In 1929, a unique form of industrial democracy emerged when John Spedan Lewis was the first to relinquish ownership of his company, John Lewis, to future generations of employees. Now, there are over 300 employee-owned companies in the UK with over 200,000 employee owners. According to the Employee Ownership Association (EOA) the number of employee-owned companies is increasing at 10 per cent per annum.

Compared to other exit options, such as a trade sale, private equity or flotation, the awareness of employee-ownership is limited. The most common transition to employee ownership is when a business is sold by its shareholders to an Employee Ownership Trust (EOT). An EOT is a tax-advantaged form of employee benefit trust introduced by the Government to encourage wider employee-ownership. Therefore, we wanted to highlight employee-ownership as a specific topic in our Exit Ready campaign, and have provided additional insights on the tax benefits, what types of business are suited to EOTs, and the different models.

There has been a substantial increase in employee-ownership since RSM advised Parfetts, a large cash and carry operator, on its sale to an EOT over 10 years ago. But it’s clear that the message about the considerable tax advantages; increased resilience; ability to take a longer-term perspective, and the potential to improve productivity hasn’t yet fully resonated with business owners. In addition, knowledge from the professional community is weak and this is proving to be a barrier to growth.

What are the benefits to Employee-Ownership?

Most EOT acquisitions involve the selling shareholders receiving full market value for their shares. The Government introduced very generous tax incentives to encourage businesses to transition to an employee-ownership model, including a 0 per cent capital gains tax rate for selling shareholders. In addition, there is the ability for employee-owned businesses to pay employee bonuses of up to £3,600 per year free of income tax. 

However, to qualify for the tax incentives, the employee-ownership needs to be carefully structured. The EOT needs to acquire control of the company by virtue of holding more than 50 per cent of the shares, along with a significant number of additional requirements to ensure that the tax relief is available. 

In addition to the tax benefits, research from the EOA illustrated that employee-owned businesses are more resilient in difficult economic periods and overall more productive. It is thought that this is in part due to increased employee engagement brought about by involvement in decision making and the financial rewards of ownership.

What type of business is suitable for an EOT?

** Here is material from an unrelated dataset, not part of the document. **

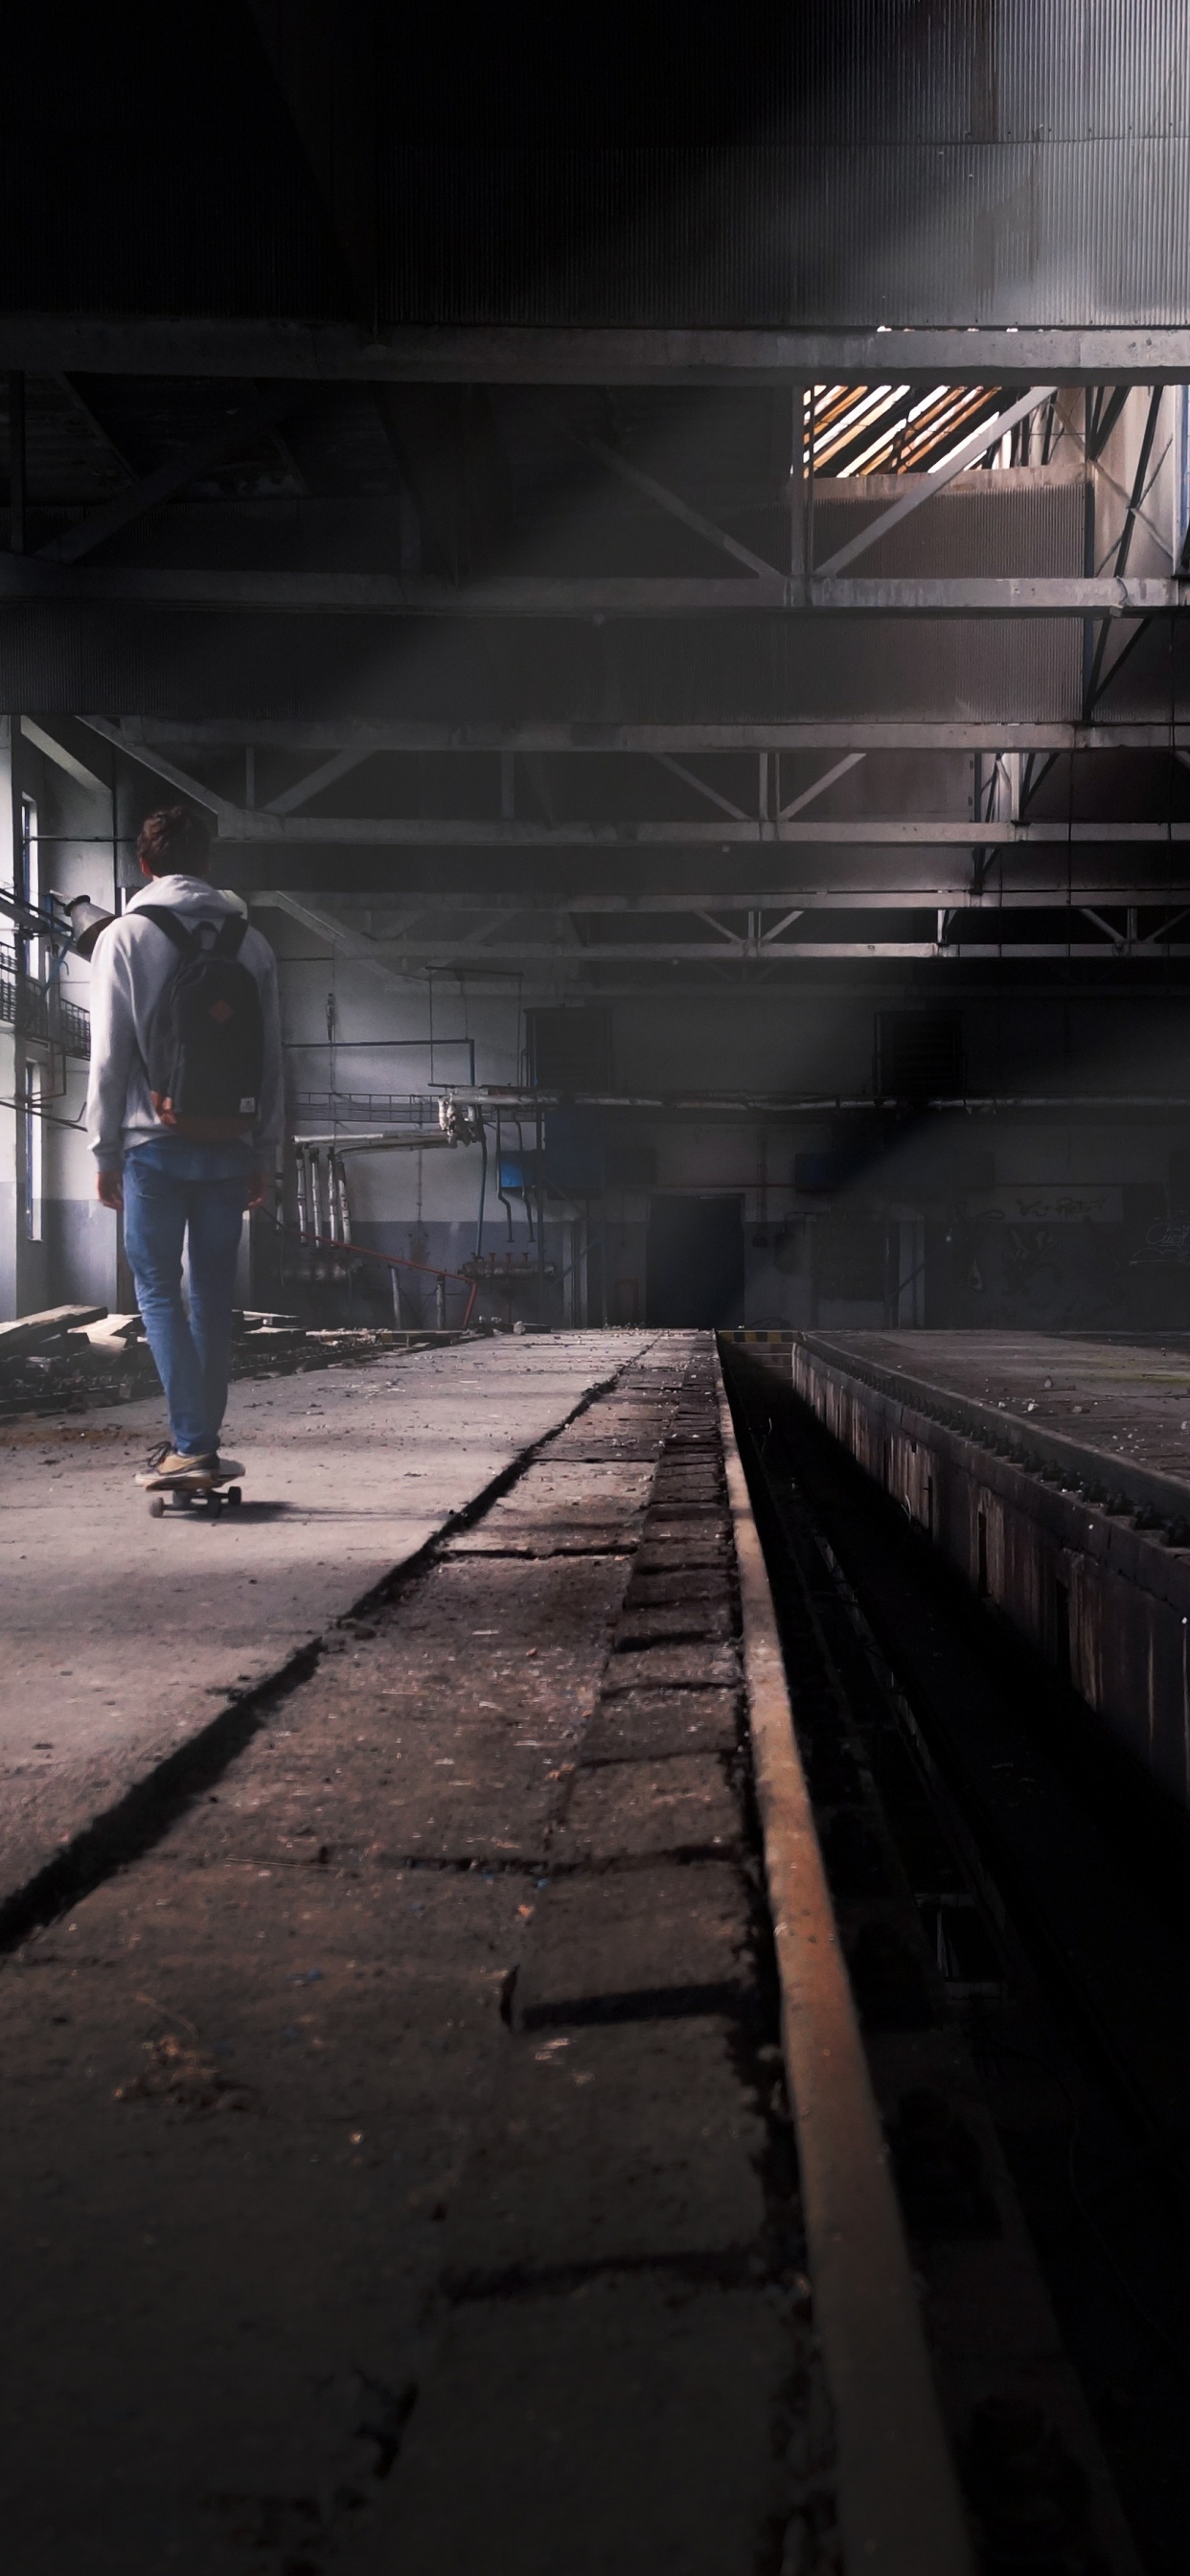 Hombre en Blue Jeans Caminando en la Estación de Tren. Wallpaper in 1242x2688 Resolution

In short, there is no simple answer to this. In the past, EOTs have been popular with independent family-owned businesses particularly in sectors such as retail. However, this has been extended to other areas such as:

  • business services – eg Make Architects;
  • engineering – eg Arup, Mott McDonald; 
  • healthcare – eg Sunderland Home Care Associates; 
  • logistics – eg Unipart; 
  • manufacturing – eg Scott Bader; and 
  • IT eg Agilisys.

There are no set financial size constraints (e.g. turnover). However, to finance the acquisition, the company should be cashflow-generative, and either be capable of raising finance or have significant cash reserves.

What are the different models for Employee-Ownership?

There are several methods including direct, indirect and hybrid structures. In addition to the EOT structure, there are several other tax-advantaged structures to encourage employee ownership in other forms for example without the employees acquiring a majority interest.

What should I do if I want to understand more about EOTs?

There is a great deal more to find about EOTs and whether this is the optimal option for you. If this is something you wish to consider further, speak to James Wild or the EOA.

Ultimately whether a business owner considers selling his or her business to their workforce is a personal choice. Given the tax incentives, it is something worth considering. This is especially the case if preserving the integrity and continuity of the business is important and rewarding the contribution of a loyal workforce. We recommend including this as an option when considering your succession plans.